Q1: Explain Gian Auto’s competitive strategy and how this strategy should be considered with regard to Denver Plan Decision. Identify the key strategy factors that should be considered
Auto’s(GA) competitive strategies are as follows:-
* GA upholds excellent customer services and reliability. As such, this attribute to the increase in sales of more than 10% each year.
* Always endeavors for lower production cost which reflect in its actions of continuing outsource more of its productions to the cost efficient manufacturer, take advantage of lower wage rates and favorable business environment around the world and others.
* To apply the abovesaid strategy for Denver Plan is only applicable for strategy number 2 whereby the Denver Plan in general without consider any other cost i. e compensation for lay off, termination of contract and etc could generate cost saving of $60 million per annum.
However, by purchasing the entire annual output of Denver Cover, there are possibilities that it would affect the quality of its products and reliability, which contradict, with its core strategy of excellent customer service and reliability. By depending to only one supplier would result to concentration risk whereby if the Denver Cover plant fails to produce as per expected, the whole GA operations flow would be effected as well.

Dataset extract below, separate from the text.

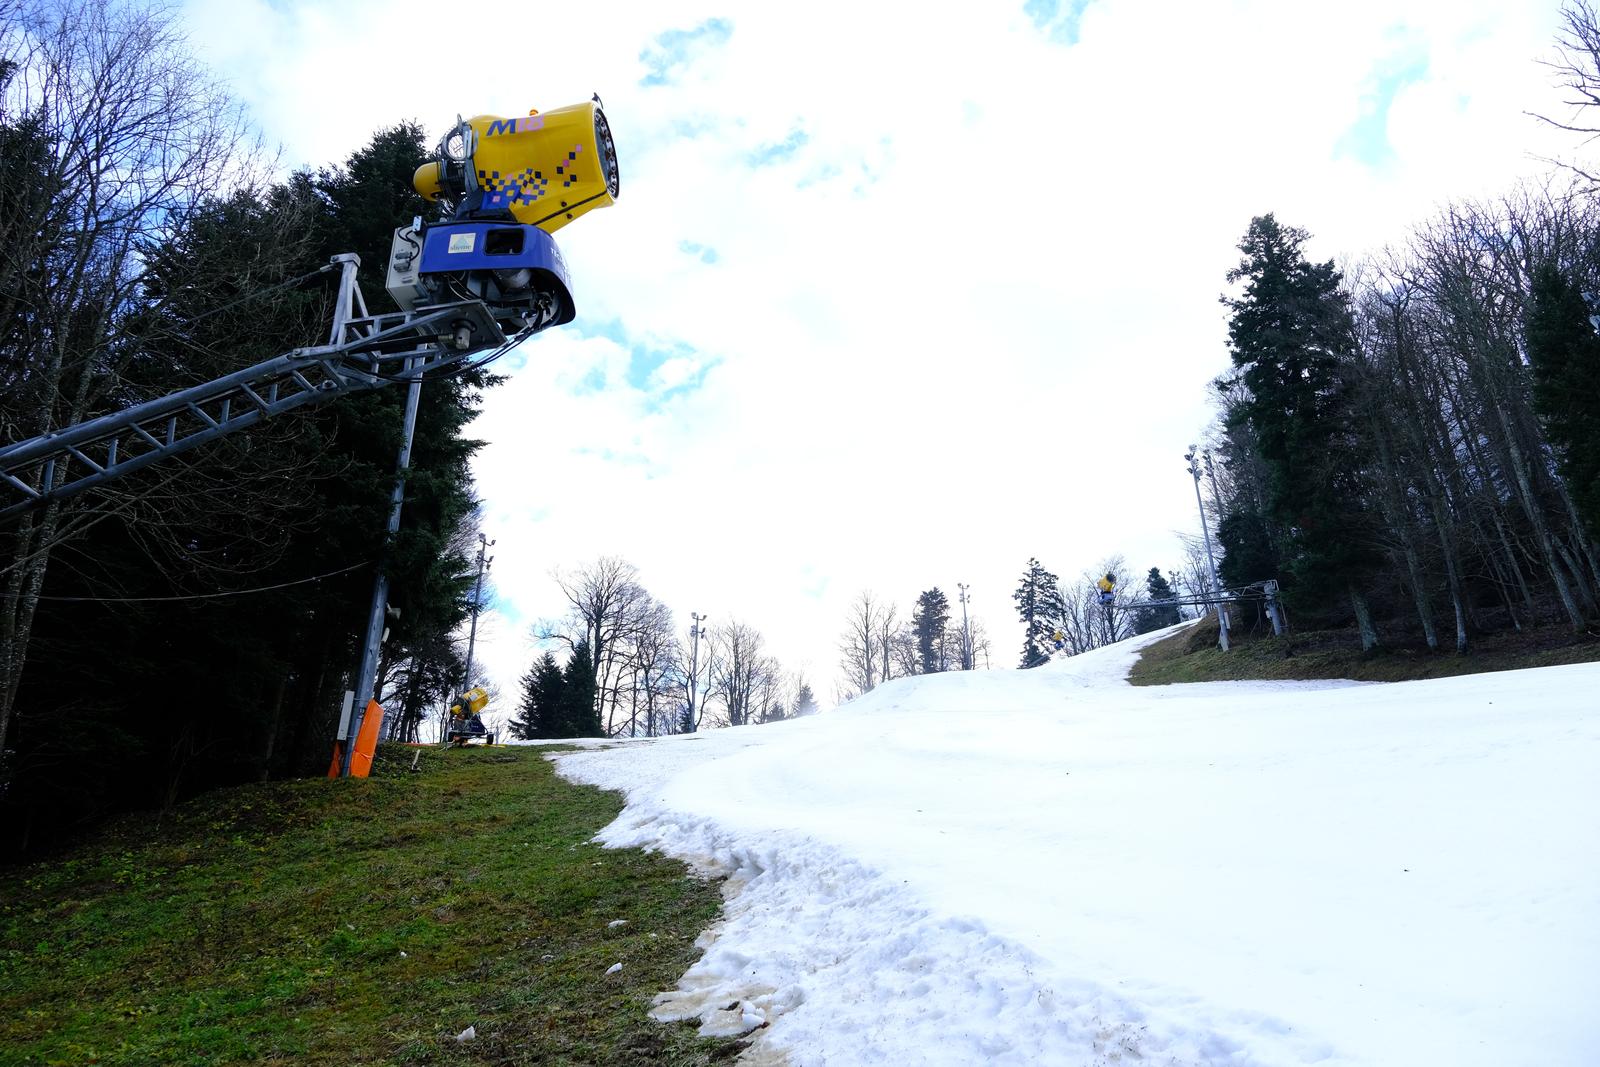 27.12.2022., Zagreb - Medunarodna skijaska federacija (FIS) nakon pregleda staze dala je zeleno svjetlo za odrzavanje zenskih slaloma 4. i 5. sijecnja. Photo: Slaven Branislav Babic/PIXSELL

The key strategy factors that should be considered are as follows:-
* High quality and reliable products
* Efficient production / low cost production
* Good customer service.
Q2: GianAuto Corporation plans to prepare an analysis to use in deciding whether to close the Denver Cover Plant. Using the preceding information, identify the relevant and non-relevant costs in this decision.
Analysis:
Gross Saving = $22 m
Related costs
a. Direct material compensation = $4. 8 m
b. 1 year employment assistance = $1 m
Net Benefit = $16. 2
Relevant information:
a. Termination charges of direct material = $4. 8m
b. 1 year employment assistance = $1 m
c. Equipment depreciation
– as it uses the units-of production method. If the plant closed, it will not be depreciated
Non – Relevant Information:
a. $ 3 million of the 2004 pension expense would continue whether Denver Cover open or not
b. Ted and his direct staff – they will be re-employed to managed the other 3 plants
c. Building depreciation charges – depreciation charges will be applied either the plant running or not
CONCLUSION
In this particular case of Denver Cover plant, we can see that cost structure of the plant is not in line with the cost minimization business strategy practiced by GianAuto. If the company thinks short-term, then it may purchase the coverings from an external party. However, if the company is concerned about long-term implications, there should be an intervention from the top-management of the company to investigate the causes of the higher operating cost of Denver’s plant. Maintaining the internal supplier, the company will be able to control the cost, quality and reliability of the used materials (coverings). Therefore, it is very critical for the company to conduct to identify inefficiencies which led to higher operating expenditures in Denver plant. With that, the company will be able to correct the transfer pricing mechanism which is dysfunctional at the moment due to higher internal price offered by Denver Cover plant compared to an external party.